ACTION ITEM> When you reach the line that contains "La place de", begin copying exactly, and continue through the last line of the data; no pictures belong in the copy.

AVAILABLE DATA>
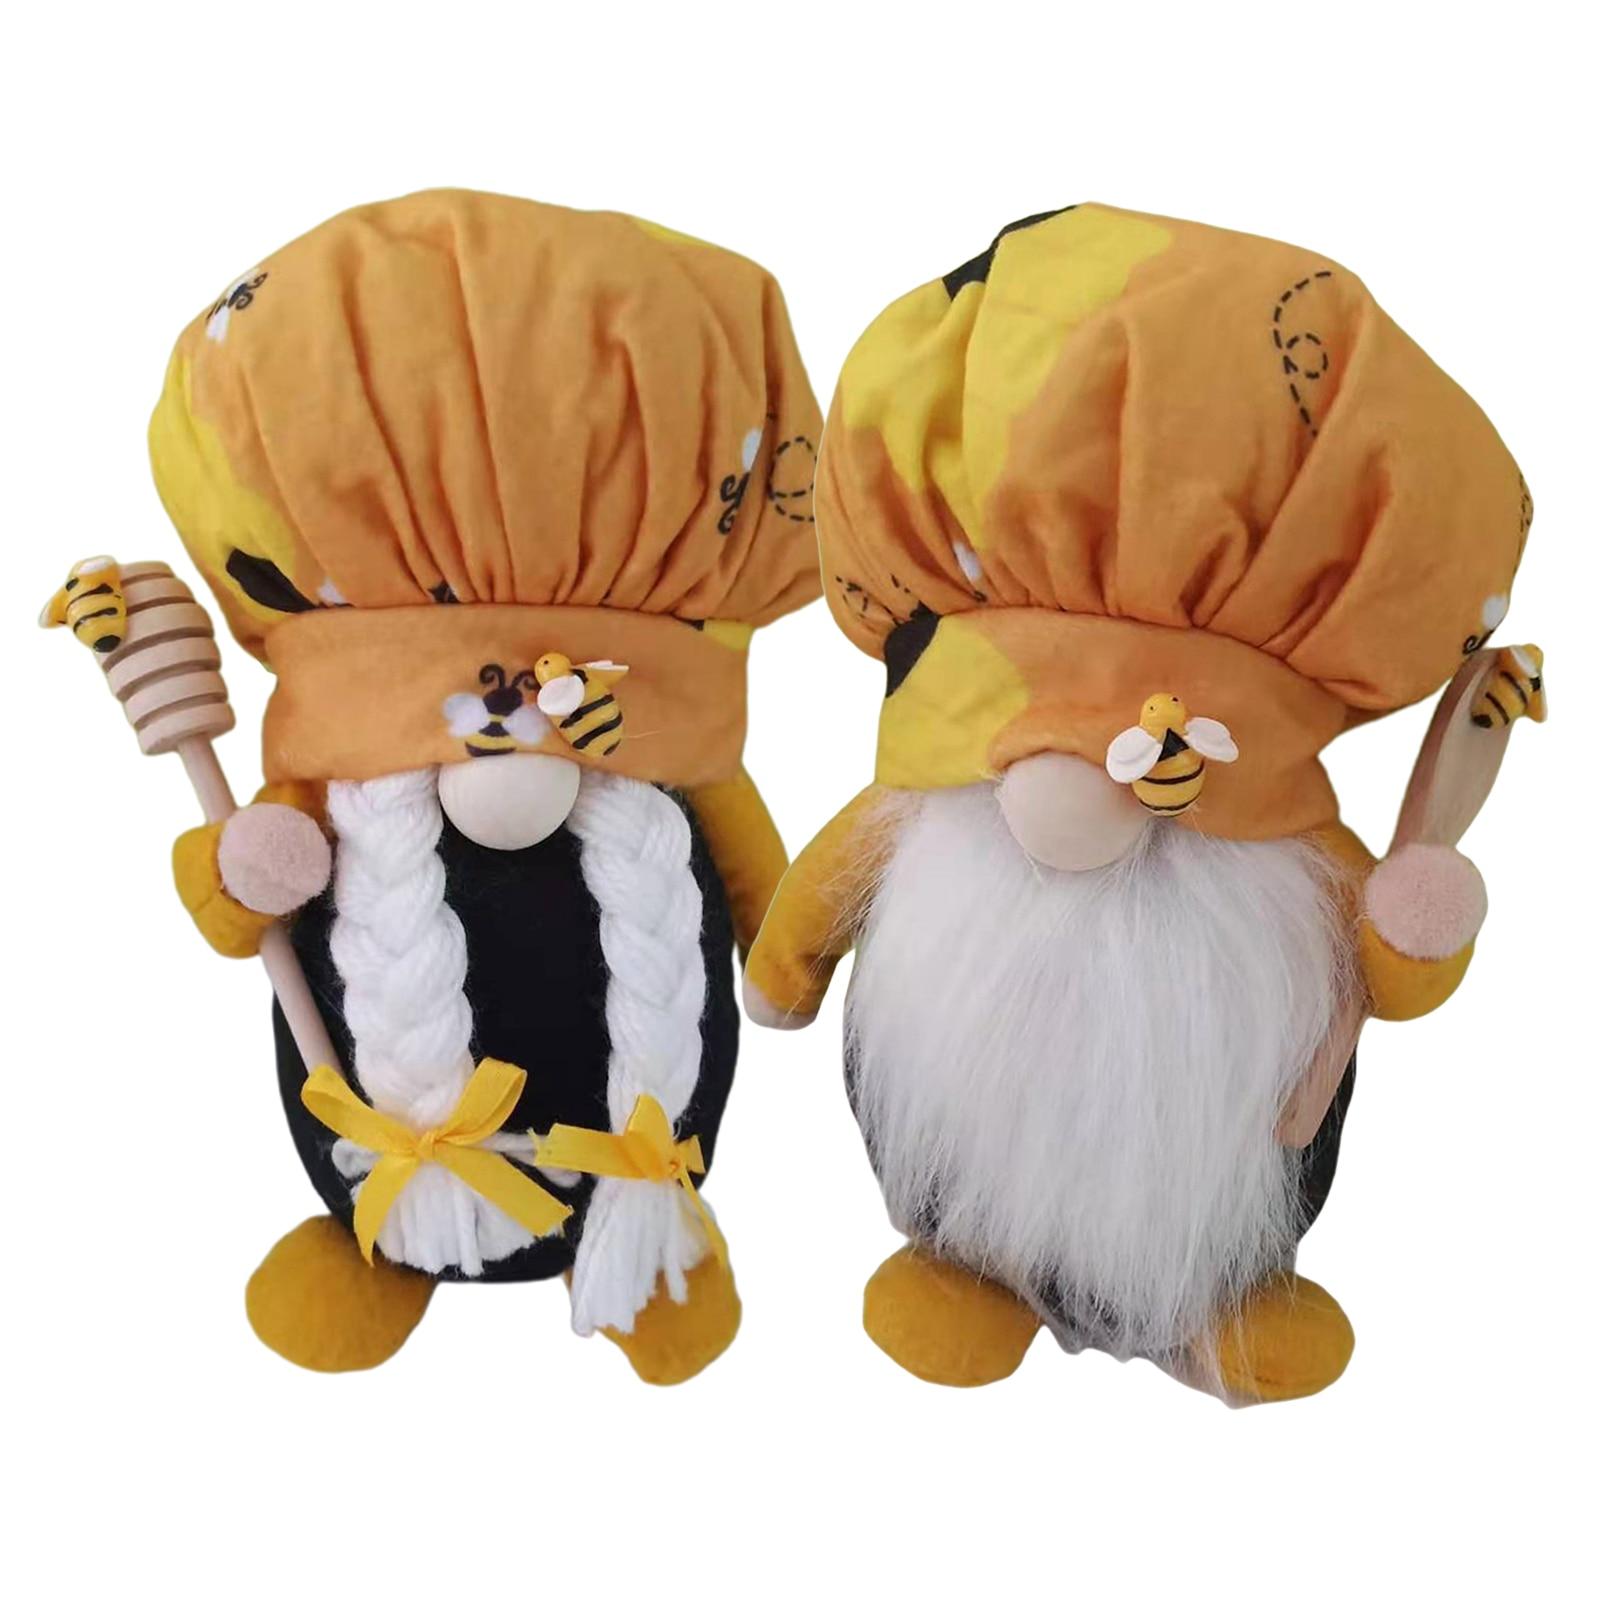 Очаровательные гномы 2 шт., мягкая кукла, Шведский Рождественский подарок Санты, детский подарок
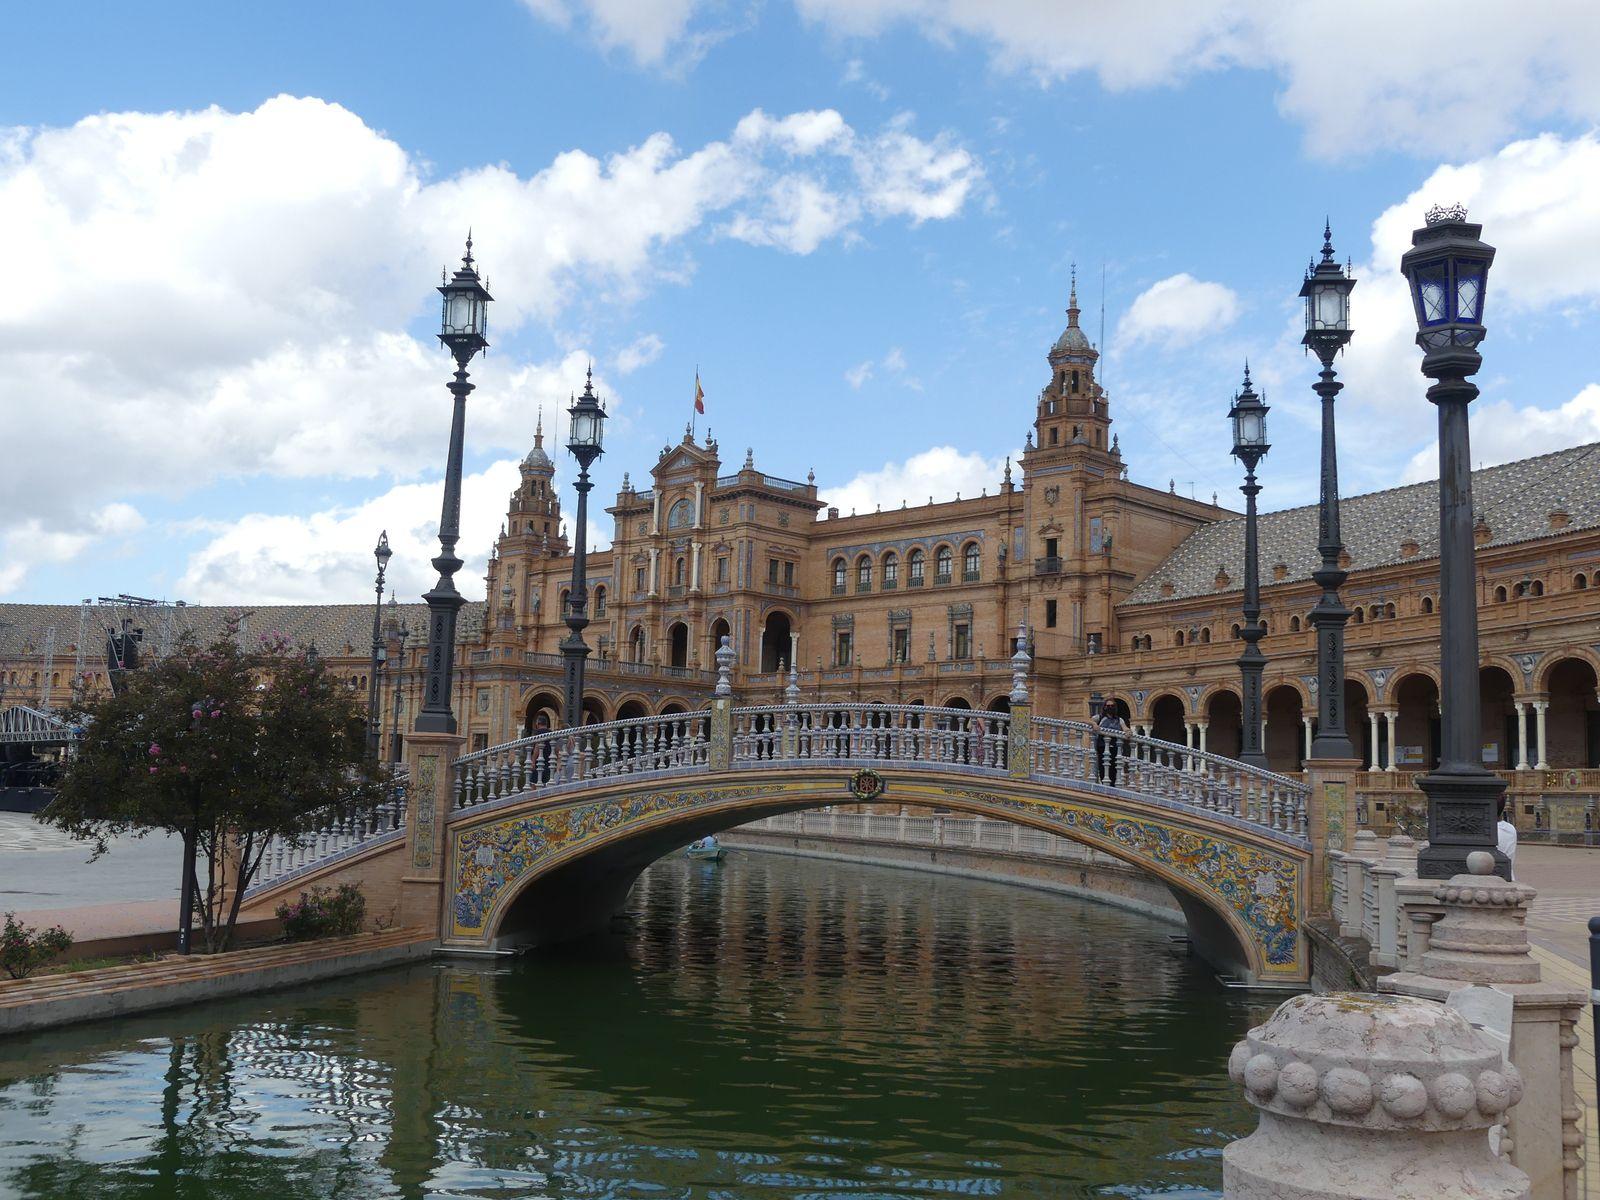 La place de l'Espagne. Construite pour l'exposition américaine de 1929. C'est vraiment magnifique avec des petits ponts comme à Venise et plein plein de colonnes.
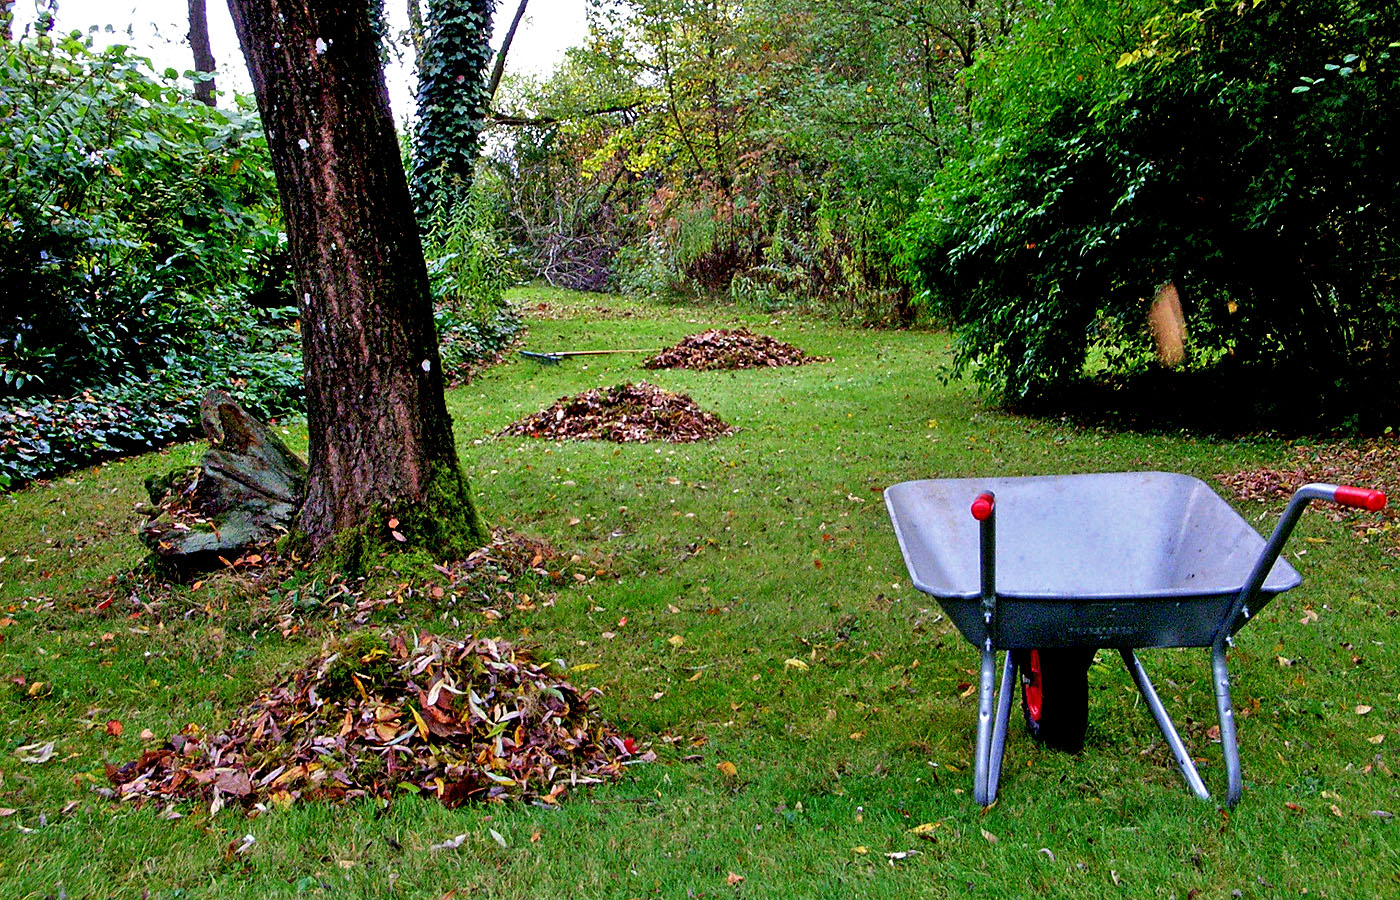 fotoblog seite 6 das saarland im bild. Black Bedroom Furniture Sets. Home Design Ideas

RESPONSE TO THIS EXERCISE>
 La place de l'Espagne. Construite pour l'exposition américaine de 1929. C'est vraiment magnifique avec des petits ponts comme à Venise et plein plein de colonnes.
 fotoblog seite 6 das saarland im bild. Black Bedroom Furniture Sets. Home Design Ideas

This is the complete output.